Tennessee left, Joe Cummings background, Max Worthington right. Returning from an expected one day mission outfitted with our "basic load." That meant we didn't carry our ruck sack with sleeping and personal gear. Just our combat gear which consisted of our weapon, 23 magazines of ammo [3 bandoleers of 7 mags each, one mag in the weapon, and 1 "fast grab" mag in a pocket or...], helmet, gas mask, some grenades [smoke and fragmentation], water and maybe one meal. Our company was chosen for this mission which turned out be be an unusual duty in a different area. We flew some distance to a new area of operations to carry it out. After securing this hill [the vegetation on the top of which was freshly blown off], we were joined by a Huey with 4 or 5 men asserting to be from military intelligence [M.I.]. Our Company C.O. selected our squad to carry them down to a local village, while he and the company secured the hill. He was obviously more concerned with securing his position on the hill than with the safety of our new M.I. friends. That was good; we needed someplace to come back to... My squad pulled security for our "visitors" while they conducted their business with the villagers. We then carried this girl back to the firebase and the M.I. guys took her out with them on their helicopter... We were then picked up by hueys and returned to our normal area of operations around Dak To. If I ever knew why all this happened, I don't remember. [One person suggested possible Vietcong ties and another thought maybe it was providing medical help for the daughter of someone powerful in the area.

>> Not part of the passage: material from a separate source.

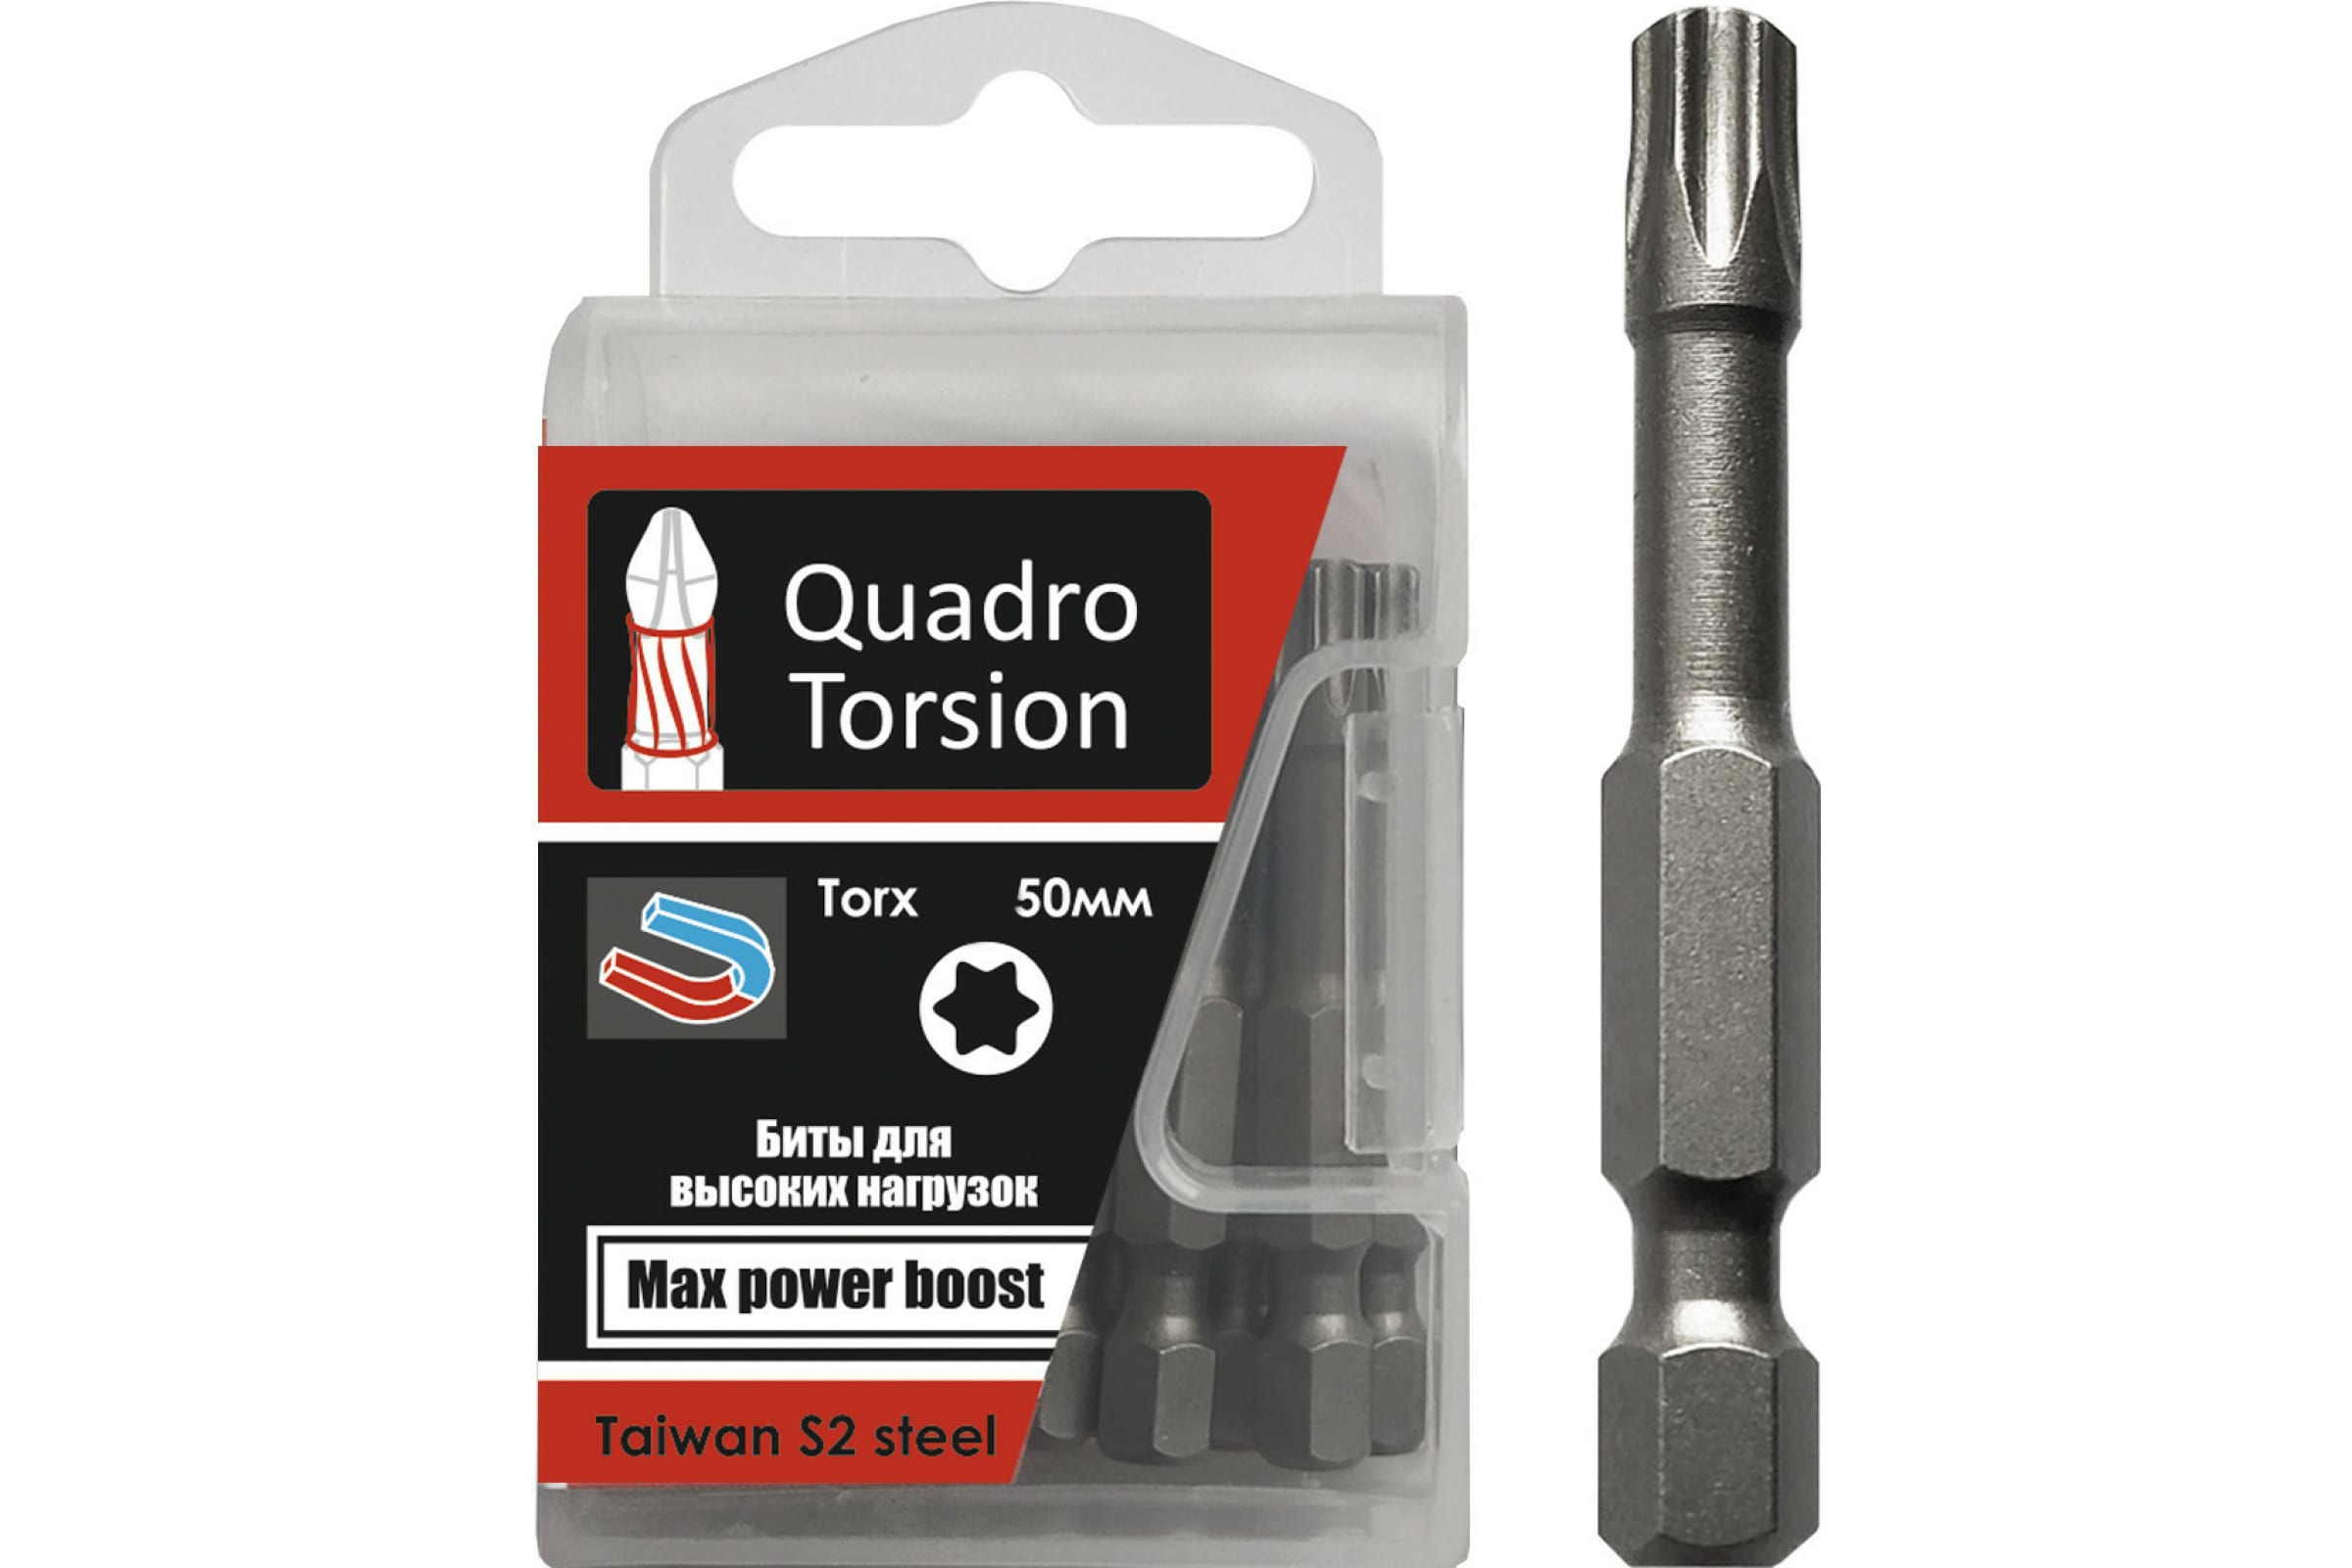 Quadro Torsion бита 1/4 25-50мм Torx 10 шт./кор. 432550 бита torx 10 шт t25 50 мм 1 4 quadro torsion 432550

But, I'm pretty sure I would have remembered if I had known either to be the case.] Other than very occasionally passing some of them on a trail (and I think that happened only during the couple of weeks we pulled security for the artillery at the bridge between 4th Div. Base Camp and Dak To), this mission was the most involvement I had with South Vietnamese civilians. This and some other assignments made me feel like our company and platoon got picked for a lot of dangerous or unusual jobs. It made me a bit paranoid at the time; thinking someone up the chain of command was trying to get me killed. Retrospectively, I like to think it was because our platoon and my squad was viewed as being willing to get the job done, and capable...
Joe Cummings left, then Chris Duar,* and Jim Spearman front and 2nd from right. Many of us who took pictures had our family make two copies and send one back so we could trade or give them to others to send home. Don't know who gave me this picture as it was a different format from my camera, but I sent it home as a "short timer" [most of my tour over] marked "39 days and a wakeup". Then, 40 days plus travel later, it was back home trying to return to the life I was so rudely yanked away from. Someone commented there was a lot of missing shirts for a military unit. We were in a combat unit that never saw anyone except NVA soldiers. It was hot!!! I never polished a boot and no one ever mentioned the dress code or worried about who was wearing a shirt. We did stay shaved and clean, however, and our weapons were oiled and spotless inside. One man told me his unit wore their underwear as shorts trying to beat the heat. We always had our loaded weapon in hand or at arms length and needed to be ready to fight. Missing shirt maybe, but short pants wouldn't have been practical for us.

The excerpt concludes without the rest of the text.